What makes a trial outcome clinically relevant?
When no treatment exists for a blinding disease, any improvement compared to natural history may be clinically relevant. For example, while the role of photodynamic therapy in the widespread management of neovascular age-related macular degeneration was short lived, it did modify the natural trajectory of visual acuity decline, at least in some populations. Similarly, a first-in-class therapy that slows the progression of geographic atrophy, even slightly, will likely be highly clinically relevant.
When a validated therapy already exists, noninferiority trials can help define the clinical relevance of a new treatment beyond visual acuity; e.g., by decreasing treatment burden or offering an alternative, potentially surgical, approach to management.

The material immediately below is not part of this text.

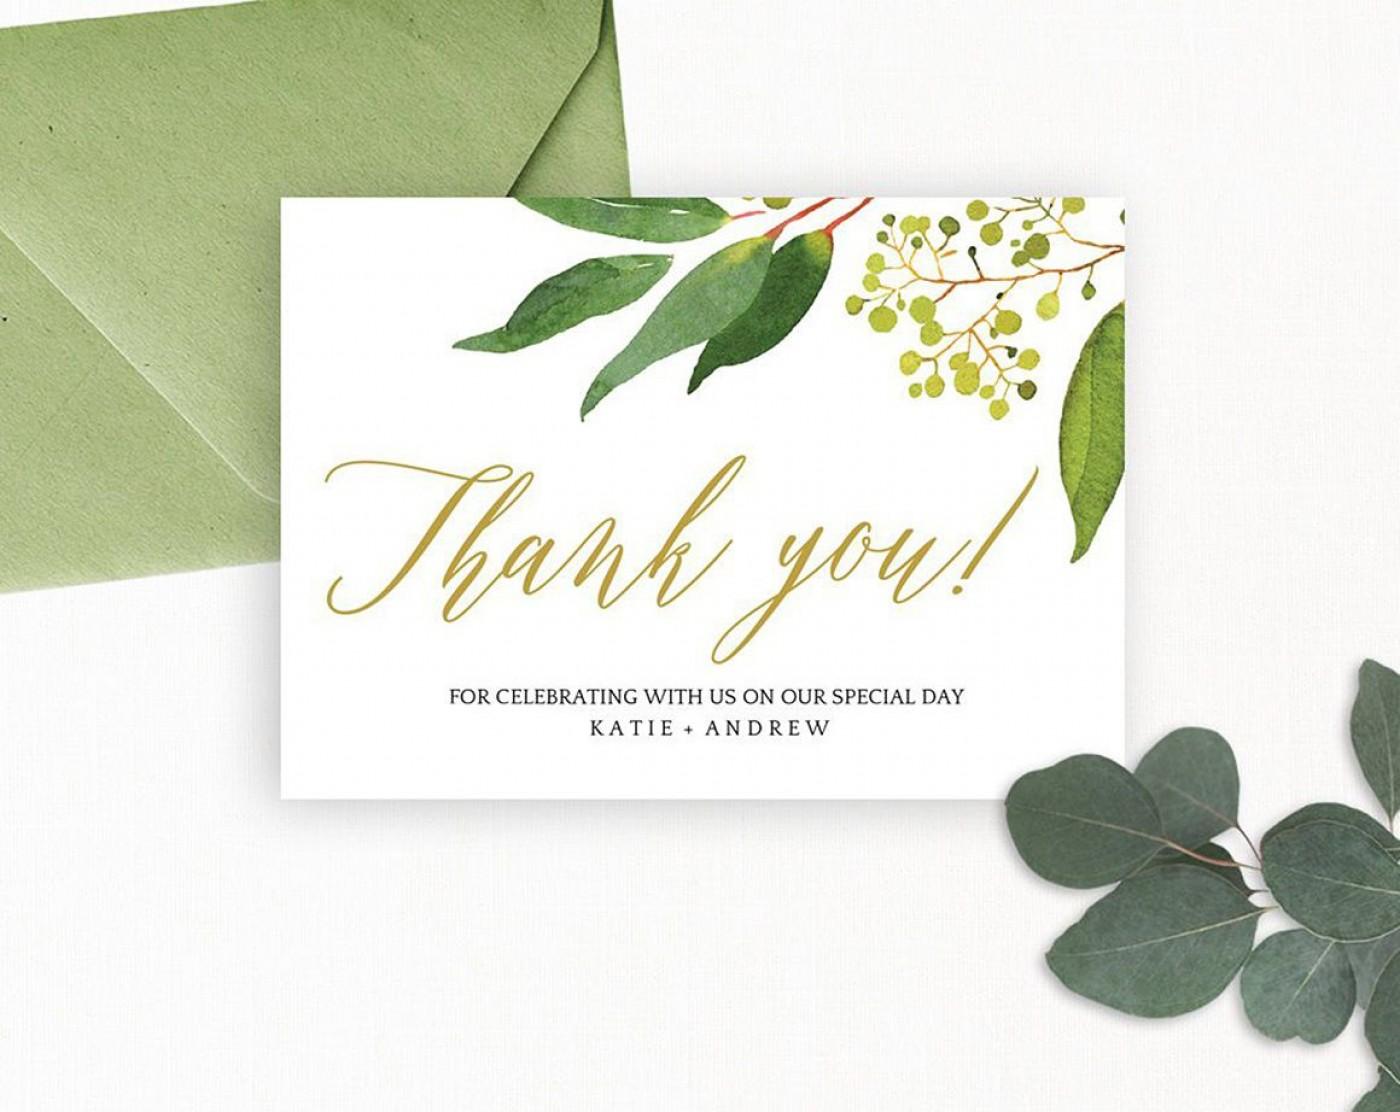 008 Sensational Wedding Thank You Card Template High Definition  Photoshop Word Etsy1400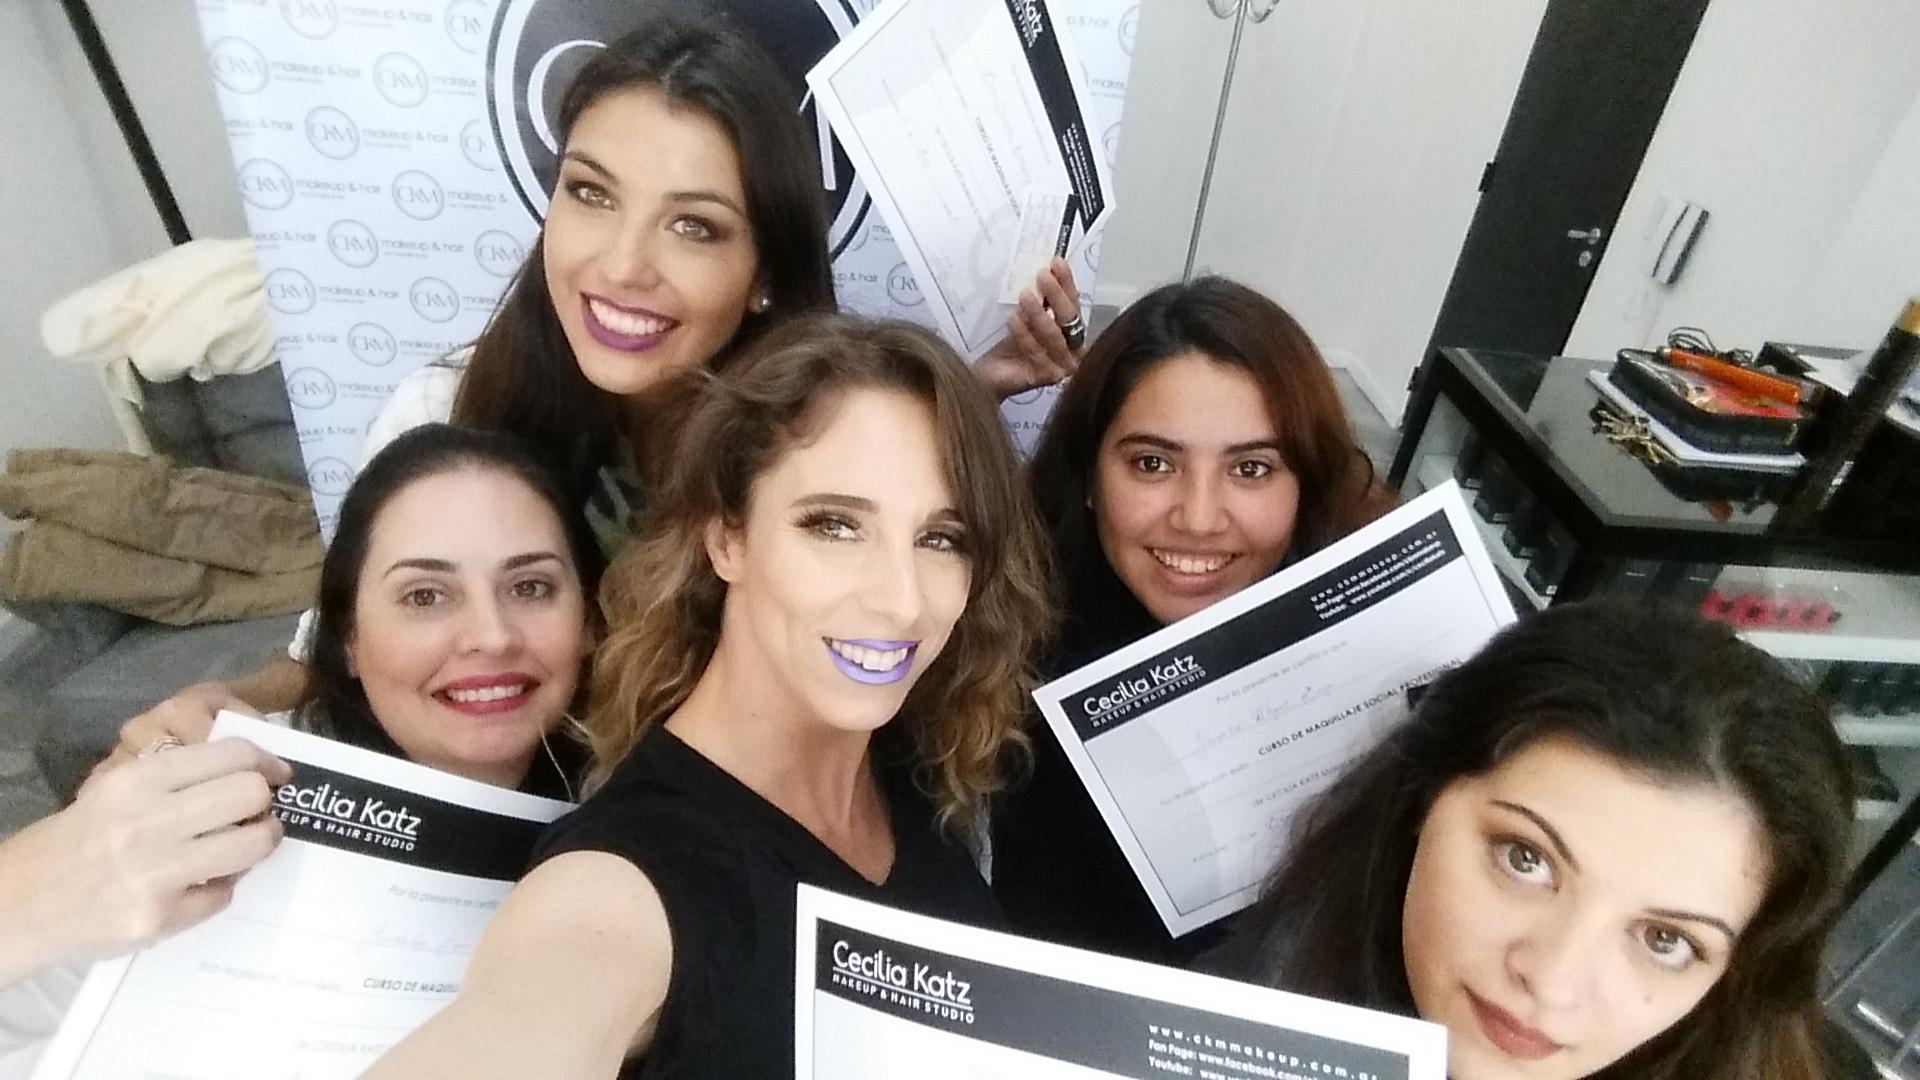 59c9d6f37 Inscripción al Curso de maquillaje social profesional intensivo - CkmMakeup

Sometimes clinically relevant outcomes only become apparent with long-term follow-up. Despite monthly dosing, nearly 18 percent of patients in RIDE/RISE developed proliferative diabetic retinopathy within three years, a finding both clinically relevant and valuable in highlighting the shortcomings of pulsatile
anti-VEGF monotherapy.
Traditionally, Food and Drug Administration approval of a pharmaceutical for a new retinal indication hinged directly on vision. More recently, the FDA has accepted anatomic biomarkers that have a valid correlation with vision to serve as the primary endpoint. Examples include optical coherence tomography-based vitreomacular traction, autofluorescence-based GA area and, most recently, fundus photography-based changes on the Diabetic Retinopathy Severity Scale. The association of improvements in DRSS scores with the clinically relevant outcomes of PDR and development of diabetic macular edema within PANORAMA are currently being debated.
Two-year results of the Diabetic Retinopathy Clinical Research Network Protocol V give us the opportunity to reconsider what is clinically relevant for DME patients with good vision. On page 38, John Pitcher, MD, and Namrata Saroj, OD, explore these outcomes. At baseline, mean central subfield thickness was 311 µm, arguably very mild DME. Between 25 and 34 percent of laser and observation eyes lost VA and received aflibercept rescue. Ultimately at two years, 16 to 19 percent of each arm experienced a ≥5-letter VA loss.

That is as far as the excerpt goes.